The Old Coot has the side effects, not the benefit. Published in NY State (04/02/2025)

 The Old Coot has the side effects.

By Merlin Lessler

 If you watch regular TV, or even streaming TV, you can’t escape a barrage of ads for prescription drugs. I used to think of drug dealers as guys in back alleys, wearing top coats, selling heroin. Now, it’s pharmaceutical companies on TV pushing legal drugs; some are worse for you than the illegal ones. A lot of the supplements can have adverse effects too, or be of little value, but they aren’t required by the FDA to warn of the side effects.

 My main problem with these ads, as an old coot, is with prescription drugs. I watch the ad promo, but I also listen to the list of possible side effects. It’s hard because they are accompanied by wonderful, but distracting imagery.
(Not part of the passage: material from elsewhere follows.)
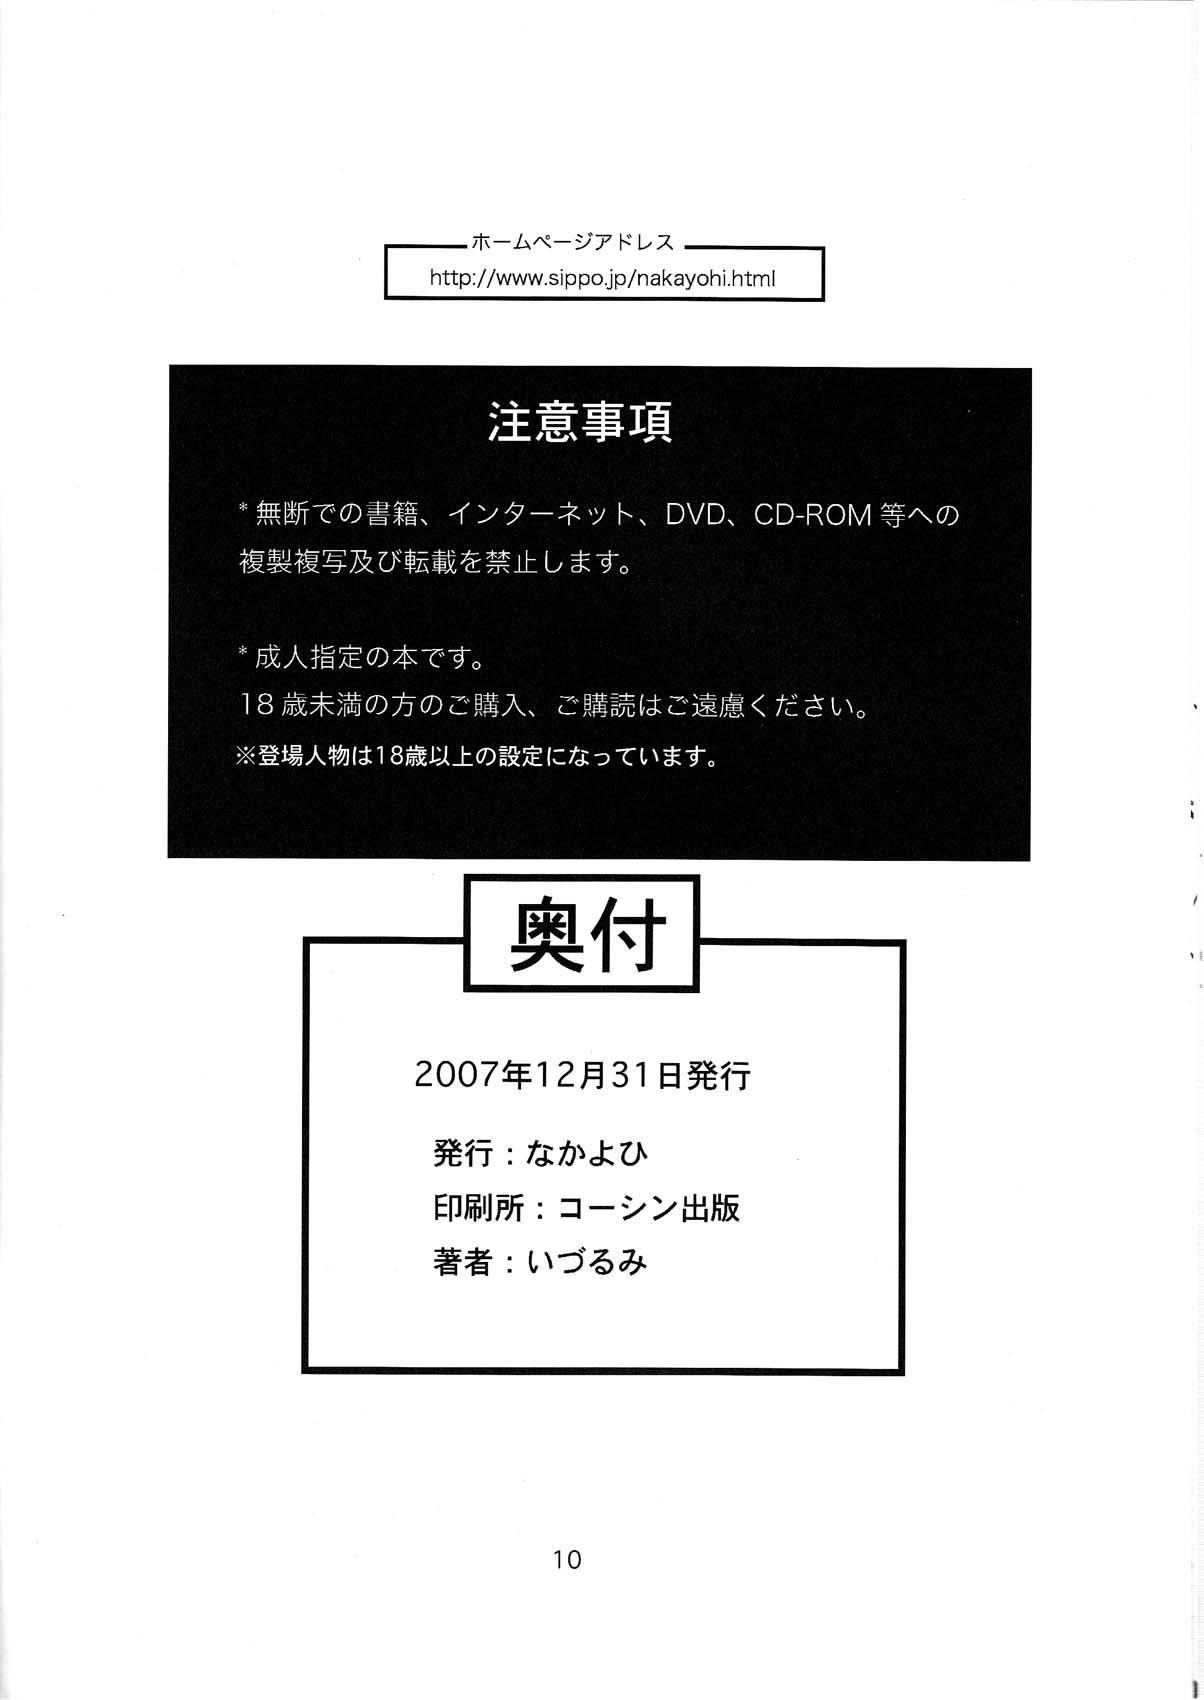 2007 Fuyu Comi Omake Bon 10

I may not even take the medicine, but I still experience many of the side effects. I get all the bad and none of the good. If old age had been advertised when I was young, with the possible side effects, I would have been better prepared.

 It should have been a subject in high school, along with the side effects of credit card use and other real life skills. Kids can parrot the state capitals, but can they explain how compound interest can compromise their life style? Or, that they will have to pay a plumber $100 to clean the screen in a faucet that they could do in two minutes themselves.

 I started writing this article to complain that I have some of the side effects of medicines I don’t even take; I ended up complaining about the lack of practical life skills in our school classrooms. I never know where this pen will take me when I sit down to write an article. It’s something Miss Foley, my high school English teacher never taught me, but apparently taught Rod Serling, creator of the Twilight Zone, who was her student too, eighteen years before I sat in the back of her classroom. If she had, or if I had paid attention, you wouldn’t have to suffer when my article wanders all over the place. Or maybe, it’s just an old coot thing. And no, I’m not comparing myself to Rod Serling, just the opposite.